For example, I have a Next.js project currently deployed via Vercel and it's about 40-60 seconds before becoming available. I have heard stories of several minutes to deploy and would love to hear what kind of spread there is.
1-2 days. Multiple senior engineers cherry picking commits into a release branch with even more seniors doing atteststion. It’s a company-wide effort that happens every sprint. We have “staff” SREs who can’t figure out automated releases.
Sometimes there could also be attestation for things like "does the design and implementation of new service's architecture comply with security policy - does it have the approval of the security representative". some of these things can be automated away with tooling -- e.g. install a tool to check for glaring container security vulnerabilities that runs at code review time, and block changes from being merged or being deployed into dev or staging environments if there are high or critical sev security issues, with some manual process to override the inevitable false positives when the tooling makes a silly decision.
All that said, it isn't necessarily practical or cost effective to attempt to automate everything. Skilled human expert review of proposed designs and implementations for security flaws will likely do a much, much more effective job than relying on tools alone. So it's quite reasonable for designs and implementation to require independent security review and approval (or "attestation") in contexts where security is critical. But if things like security review of implementation (let alone design) is being done while cherry-picking commits onto a release branch, that sounds far too late in the lifecycle.

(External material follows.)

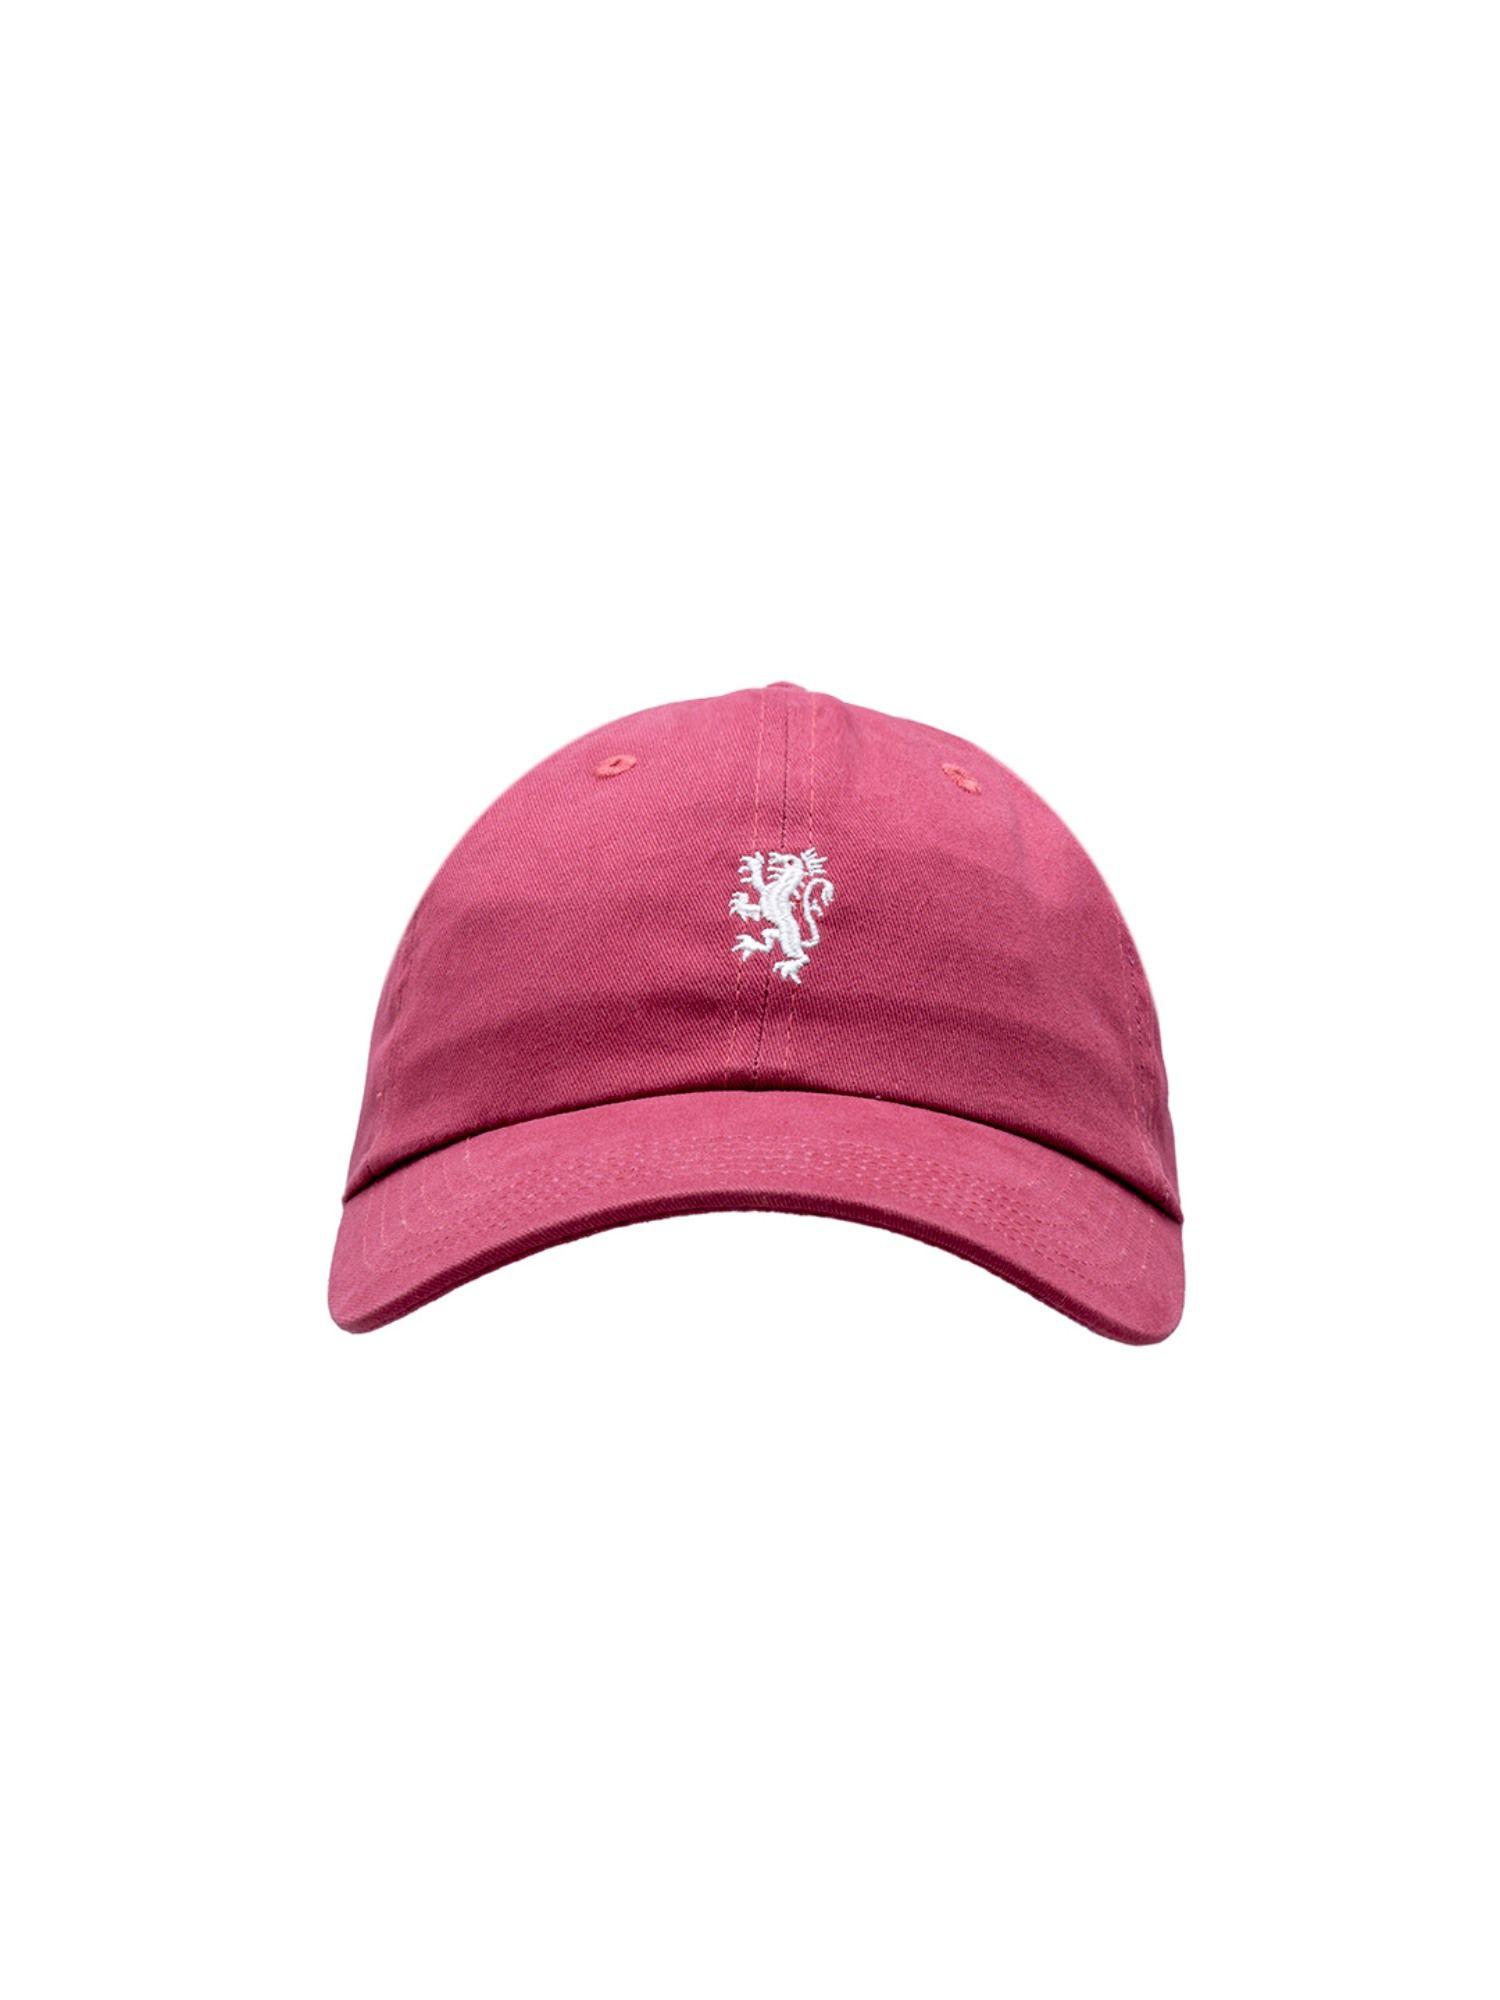 men dark pink free size cap

Another familiar example of attestation is things like code review, in projects that require all changes to be approved by one (or perhaps more) reviewers. By approving a PR, the reviewer "attests" that the change looks good to them, that it will implement the stated requirements and doesn't have any obvious flaws, etc. High quality code review is incredibly valuable, requires manual effort, but can be structured into sensible release and deployment processes, particularly by taking advantage of github / gitlab etc.
This reviewing and "attesting" activity can happen much earlier in the lifecycle than deployment or activation.

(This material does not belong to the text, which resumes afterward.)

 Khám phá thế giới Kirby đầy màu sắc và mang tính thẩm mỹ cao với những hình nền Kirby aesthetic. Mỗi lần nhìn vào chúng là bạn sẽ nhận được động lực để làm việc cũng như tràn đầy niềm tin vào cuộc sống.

To deploy the entire system, maybe it'd take a few hours: there'd be 1-2 dozen services, a few databases, probably 20+ external integrations. Usually we'd only deploy the services or components that were changing. Deploying a single service would only take a few minutes, even with human in loop manually triggering the deploy scripts.
Deploying changes was decoupled from activating changes, to avoid outages due to deployments. There were two instances of the system running in production at all times, deployed to two datacentres. It was one giant monolithic blue-green deployment sitting behind a customer-facing load balancer. Suppose the "blue" prod system is currently the live instance of the system and "green" is the dark instance. You'd deploy your new release of your component to green, then once deployment was complete and seemed stable, someone would pull the big lever on the load balancer to start forwarding customer traffic to the green instance. For a while both prod instances would receive customer traffic, until all the timeouts for customer sessions being served by the blue instance kicked in, and they established new sessions with green. Then green would be live and blue would be fully dark. It'd usually take around 5 minutes or so to completely drain traffic from an instance.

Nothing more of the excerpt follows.